Quando foram relatar essas palavras a Zacarias, Zacarias lhes disse: "Sei que quereis meu sangue e que estais decididos a derramá-lo sem razão. Mas ainda que façais perecer meu corpo com uma morte cruel, o Senhor, que me fez e que me criou, acolherá minha alma." E foram relatar a Herodes o que Zacarias havia dito. Mas esse ímpio, na maldade crescente de seu coração, não lhe deu resposta alguma. E naquela mesma noite o tirano ímpio enviou soldados, que se introduziram furtivamente no templo e mataram Zacarias junto ao altar, no tabernáculo da aliança. E ninguém, nem dos sacerdotes nem do povo, soube de nada.
Mas à hora da oração ritual, permaneceram à espera, procurando vê-lo, e não o encontraram. Depois, quando surgiu a aurora, no momento de cumprir a oração, os sacerdotes e o povo se reuniram para ir saudar-se mutuamente e diziam entre si: "Que aconteceu ao sumo sacerdote Zacarias? Onde estaria ele?" Espantavam-se com sua demora e diziam: "Ele cumpre primeiro sua oração privada; ou então teve alguma visão no templo."
Mas um dos sacerdotes, que se chamava Filipe, entrou audaciosamente no Santo dos Santos e percebeu o sangue coagulado junto ao altar de Deus. E eis que uma voz articulada saiu do tabernáculo; ela dizia: "O sangue inocente foi derramado em vão; e ele não será apagado de cima dos filhos da casa de Israel, até a completa vingança." Quando os sacerdotes e toda a multidão do povo ouviram isso, rasgaram suas vestes e, derramando cinza sobre suas cabeças, disseram: "Ai de nós! Ai de nossos pais! Estamos todos condenados a este desastre e a esta ignomínia."
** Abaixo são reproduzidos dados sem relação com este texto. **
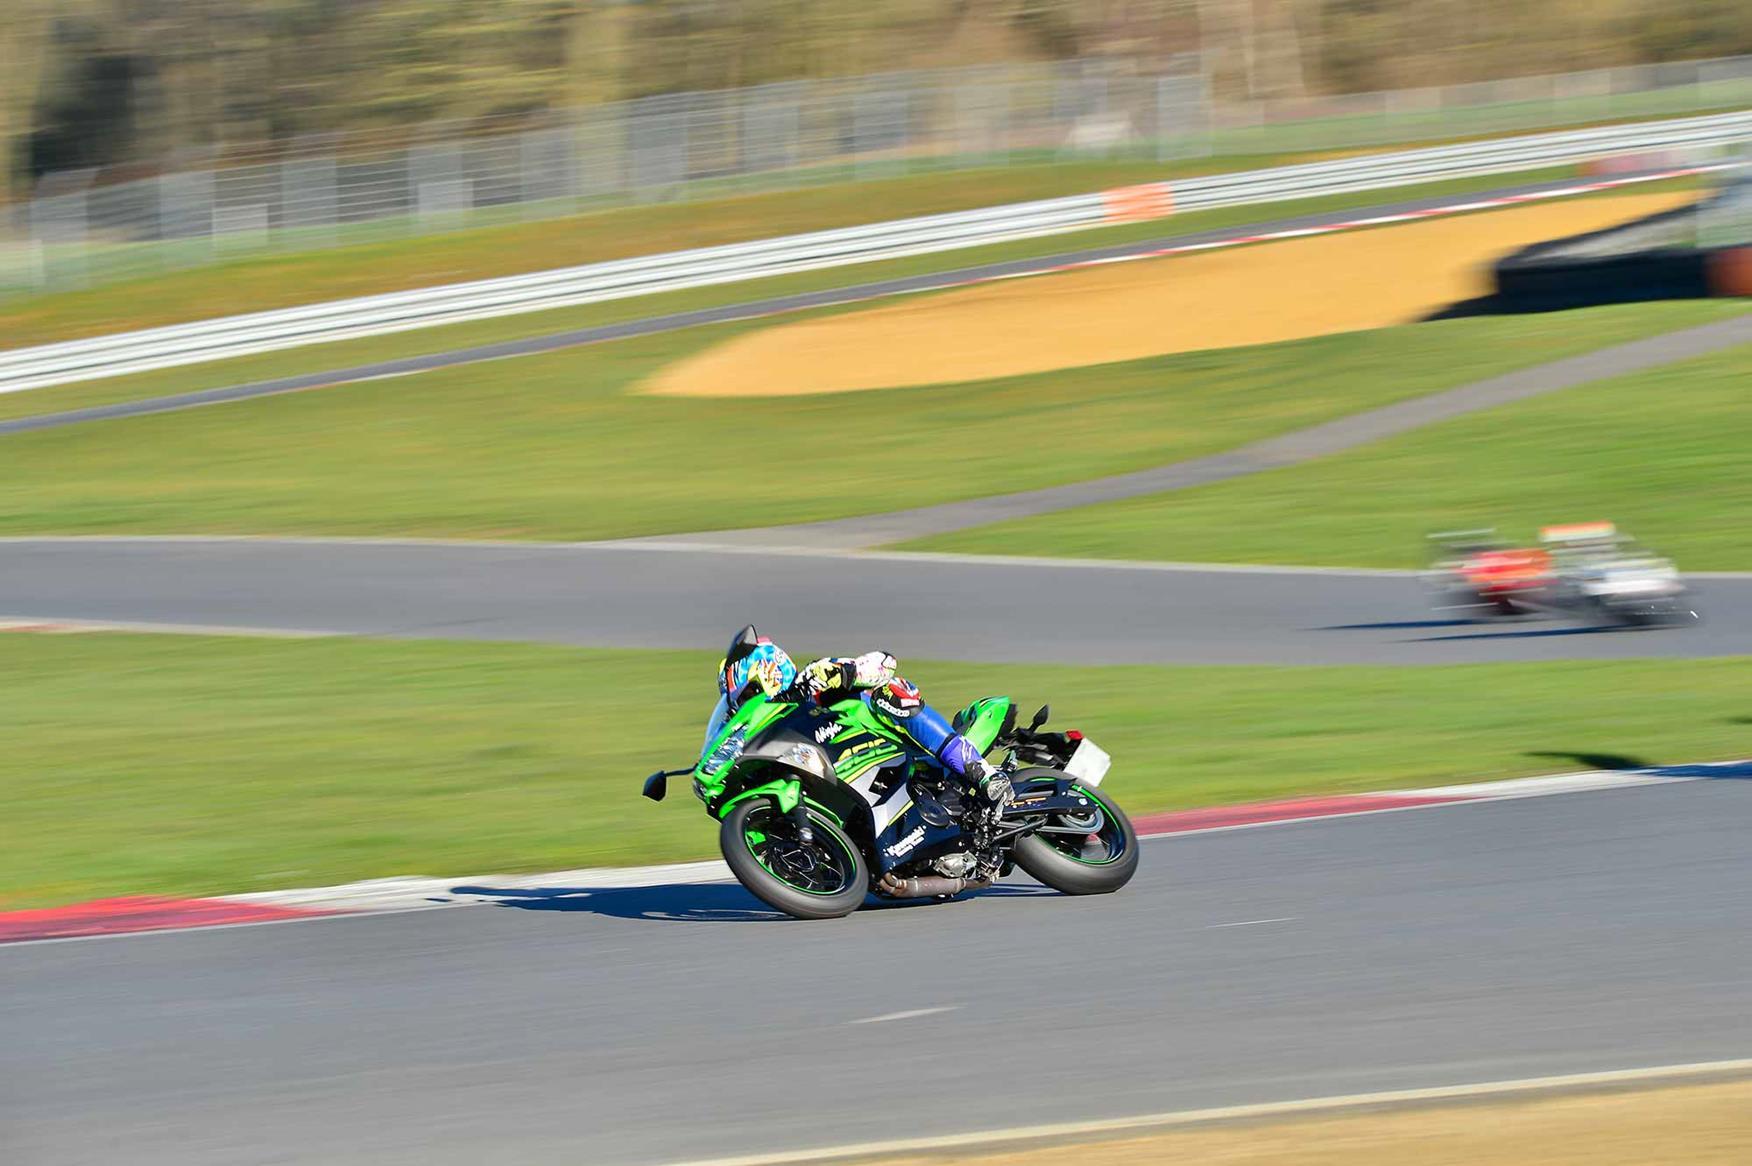 Riding Clearways on the Kawasaki Ninja 400

E os sacerdotes, penetrando no tabernáculo, viram o sangue de Zacarias coagulado, como uma pedra, junto ao altar de Deus; mas não viram seu corpo. E, tomados de estupor, disseram uns aos outros que sua perdição estava consumada. E diziam: "Que foi feito de seu corpo, que não se viu em parte alguma?" Vaguearam por toda parte à sua procura e não o encontraram. E cada um suspeitava consigo mesmo que alguém havia furtivamente levado seu corpo e fora escondê-lo em algum lugar. Em seguida, tomando grande luto em sua honra, os filhos de Israel o choraram durante trinta dias. Fizeram buscas em muitos lugares e não encontraram seu corpo. Assim ocorreu o assassinato de Zacarias.